Somewhere between 50 and 80 people spent some or all of that night at Dartmouth. Eventually they were placed in individual “cubicles,” per McAvoy’s description, but there was no stopping the agony or the ecstasy that had broken out. “People are moaning and crying, wailing, collapsed on tables and gurneys,” Cameron told Vanity Fair in 2009. “The DP, Caleb Deschanel, is leading a number of crew down the hall in a highly vocal conga line. You can’t make this stuff up.”

Amid the disorder, Paxton hightailed it out of there. “I said, ‘Jim, I’m not gonna hang out here. This is bedlam,’” he told the Los Angeles Times in 2015. “‘I’m gonna … wander back down to the set and just drink a case of beer,’ which is what I did. That seemed to help me.”

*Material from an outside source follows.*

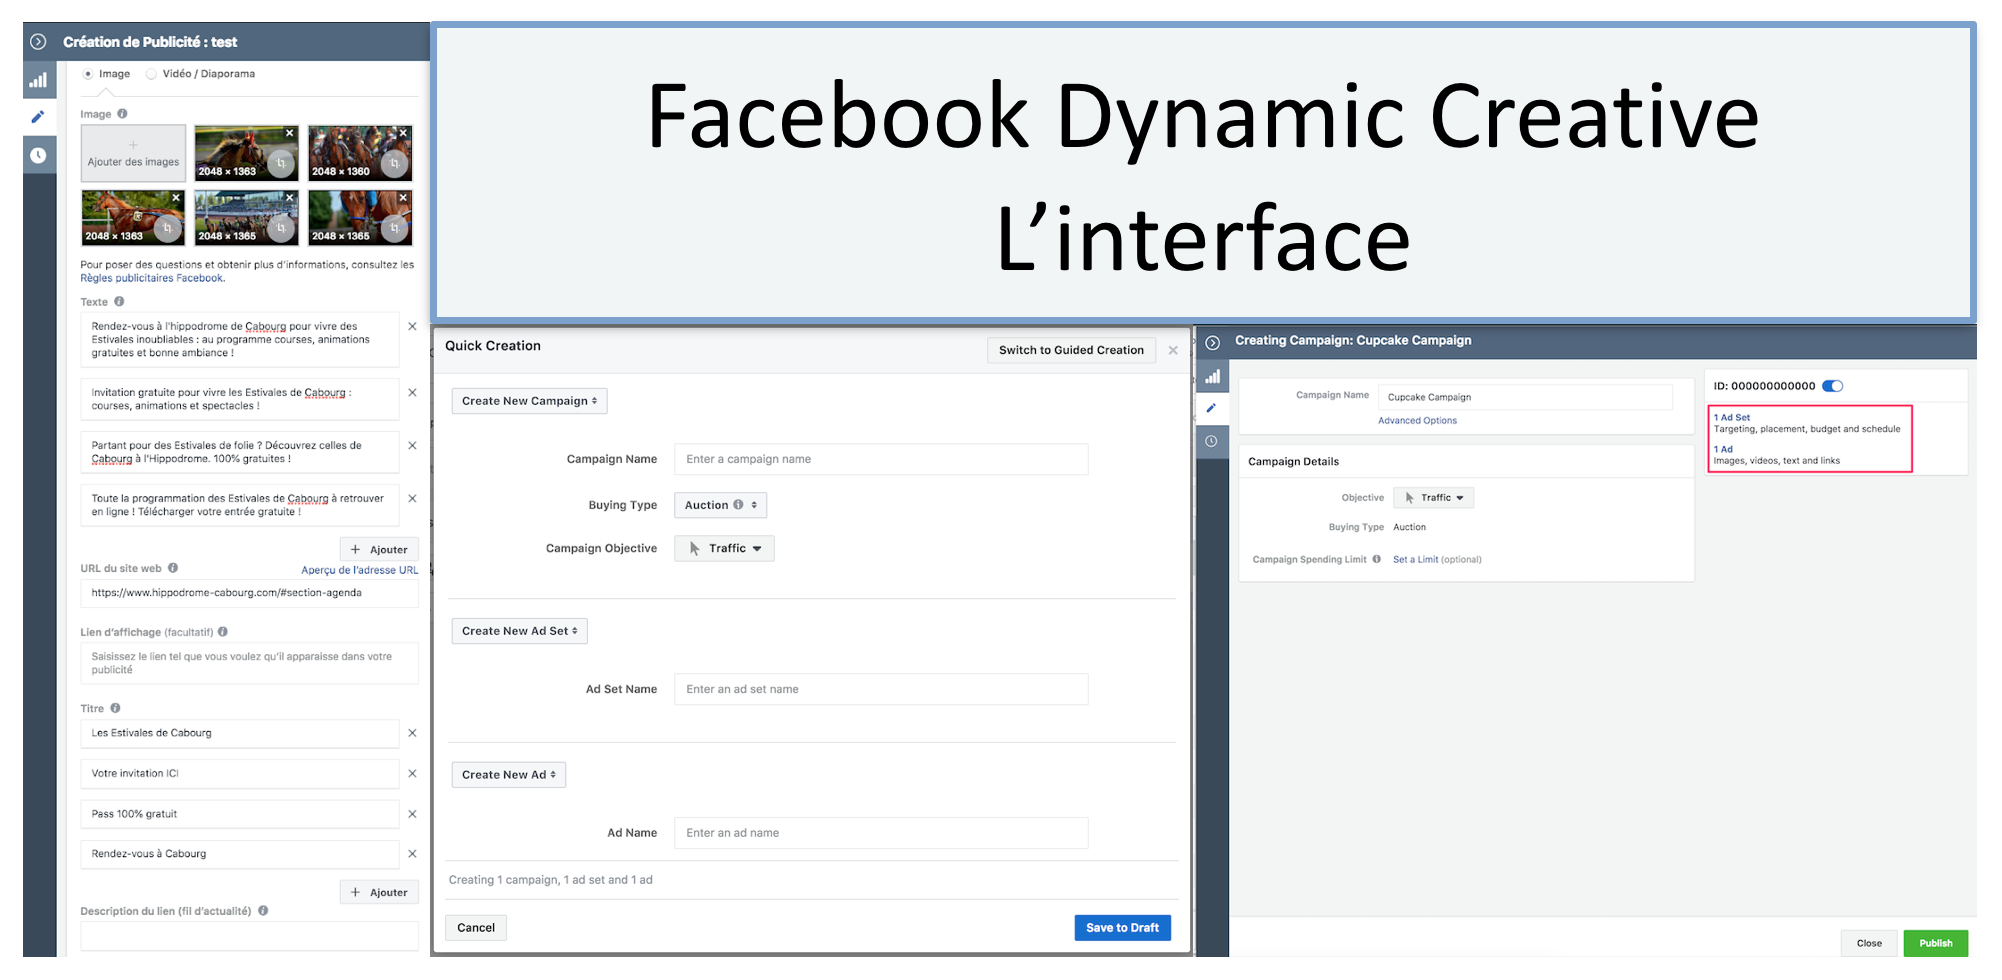 facebook dynamic creative interface alt

Back on the set, the unscathed were essentially quarantined. Clarke remembers hanging out in a Winnebago. Around 4 a.m., Cameron and Paxton strolled in. “Their eyes were beet-red, like unbelievably,” Clarke says. “Jim had a bottle of Scotch, and Bill Paxton had a bag of joints because he was a real stoner. I’m kind of laughing about it because I didn’t eat the chowder, and then I’m there in the trailer smoking a joint.” Cameron was thrilled because he’d been granted an extra day of production to finish the scene that couldn’t be completed due to all of the tripping.

As the sun went up, those who’d gone to the hospital came down from their highs. No one had died or been poisoned. Most returned to their accommodations to sleep so they could return for the additional night shoot. One grip grabbed his guitar and wrote a song about the whole thing. “It was just a strange experience,” Roussel says.

The Canadian investigation ramped up as Titanic spent months shooting the ambitious Kate-and-Leo flashback sequences in Rosarito, Mexico. News of the PCP debacle quickly traveled south, actor Billy Zane recalls. (“Those kids had all the fun,” he jokes.) Most of the Nova Scotia crew didn’t go on to Rosarito, but at least one craft-service operator did. He was rumored to have been “taken away at gunpoint by the Mexican police because somebody else on the crew said, ‘Oh, I think it was him,’ fingering the wrong person,” Clarke says. At least, “That’s the word I got back.”

With dubious accusations flying, the sleuthing continued for two and a half years, turning up no results. The case was officially closed in February 1999, meaning the wrongdoer(s) remain at large.